Pour ce qui est de la théorie de l’évolution, les écossais de Mogwai tiennent le bon bout. Depuis la sortie de leur tout premier 45 tours, Summer, jusqu’à ce troisième album (quatrième si on inclus Ten rapid, collection des premiers singles), Mogwai n’a fait que progresser, et épurer. Des premières saillies soniques, largement influencées par les fourrages de mercure à la Slint et les sacrées apocalypses guitaristiques de My Bloody Valentine, Mogwai a toujours su et voulu affiner son discours, élaguer sa musique des dernières scories du rock. Come on die young, produit par Dave Friedman (Flaming Lips, Mercury Rev) traçait déjà une ligne de démarcation relativement nette entre le chaos originel et des aspirations plus mélodiques.

Paradoxalement, sur scène, Mogwai reste une des formations les plus foudroyante en activité sur la planète Terre. Une vraie machine de guerre, d’une puissance de feu proprement impensable en dehors des schémas du rock lourd, une charge de la brigade légère qui aurait raison de son public en lui sciant très progressivement les nerfs auditifs et en lui balançant à son insu de grandes plaques métalliques au travers du cerveau Aussi on ne s’étonnera pas que Mogwai tente aujourd’hui de mettre sur orbite (logique après avoir intitulé un morceau Stanley Kubrick) une nouvelle bande son imaginaire. Rock action porte mal son nom, il aurait du s’intituler 2001: A Space rock odissey… Ainsi 2 rights makes 1 wrong emmène des cow-boys (y’a du banjo) cavaler mollement sur les anneaux de Saturne, Sine wave qui ouvre l’album sonne comme un décollage et Secret pint, qui l’achève, comme un atterrissage.

Oser appeler cet album une superproduction se révèle au fil des écoutes assez inconvenant car si l’on compte au rang de ses invités prestigieux les noms de David Pajo (Slint, Tortoise, Papa M), Chino Moreno (Deftones, improbable fan des écossais) ou encore Gruff Rhys des Super Furry Animals (sur Dial:Revenge, plage bucolique en patois), c’est néanmoins du coté de collaborateurs moins médiatisés qu’il faudra chercher une des couleurs dominantes de ce disque. En effet, The Remote Viewer -duo électronique auteur d’un album injustement passé inaperçu il y a deux ans chez 555 et d’un récent maxi dans le cadre des Series 500 du label Domino- a apporté de discrètes interventions d’électronique contrariée, intégrées logiquement en traitement (sonore) de fond aux schémas pantelants quoique harmonieux de Mogwai.

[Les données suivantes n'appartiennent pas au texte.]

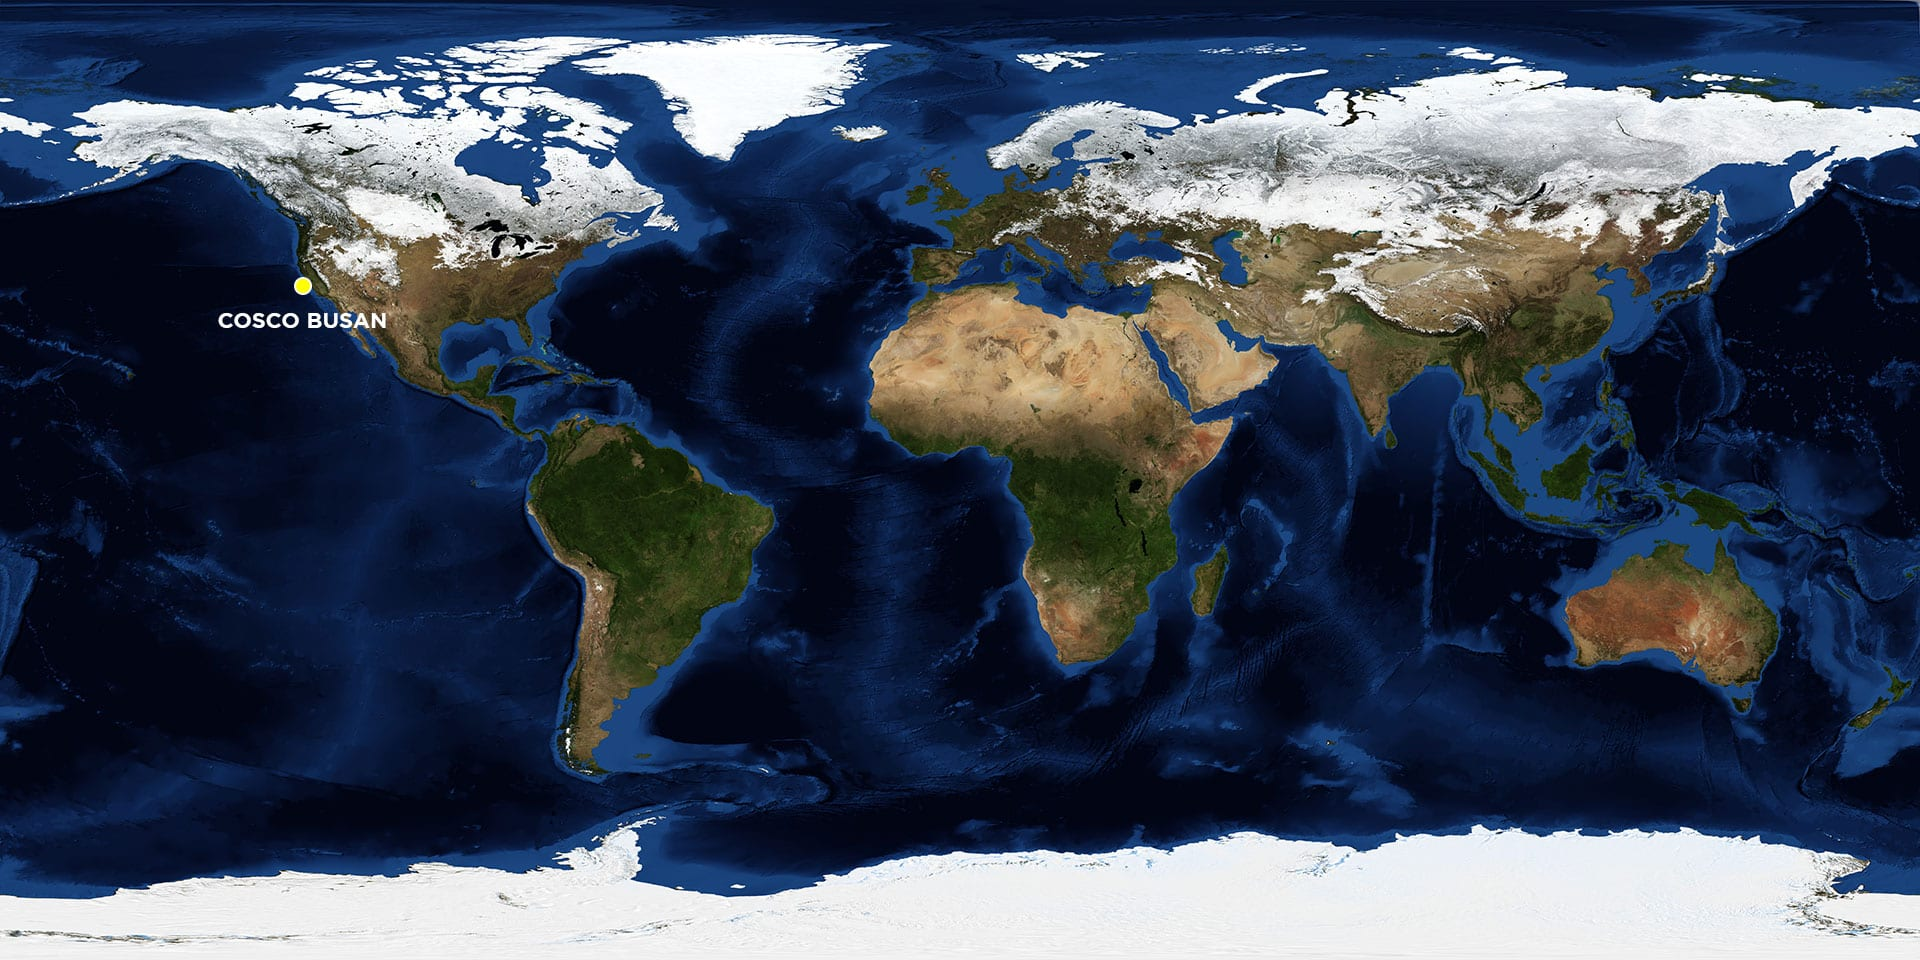 earth-oilspills-bosun

Soyons clairs : ce disque est magnifique de A à Z, on a le plaisir d’y entendre des rythmes butés, des guitares de cristal, de bois ou plus rarement de métal, des ascensions vertigineuses (You don’t know Jesus, terrible) et de plus en plus souvent la belle voix somnambulique et détachée de Stuart Braithwaite, ce sale petit menteur. Si ce jeune homme déclare volontiers vouloir transporter son groupe vers les territoires inaccessibles de la beauté pure des disques de Nick Drake, notez bien qu’il se fout du monde, et pas avec des pincettes. Il n’est pas besoin en effet d’être fin musicologue pour déceler immédiatement l’influence prédominante d’une autre formation britannique majeure sur les pistes sonores et spatiales de ce Rock action : des sons de guitares, des harmoniques romantique et des synthés qui remplacent tant bien que mal des formations de cordes, reconnaissables entre toutes. Si le groupe ne confirme pas cette influence à la presse au cours des prochains mois, on se permettra de leur remonter les bretelles en leur faisant constater que cet album doit beaucoup à Cure période Disintegration. Un disque pour lequel certains n’avaient pas hésité à l’époque de sécher les cours pour l’acquérir dès sa mise en rayon. On espère qu’aujourd’hui, quelques lycéens fougueux omettront de se présenter en classe de Sciences Physiques pour se consacrer à l’écoute urgente et fascinée de Rock action, ce disque magnifique.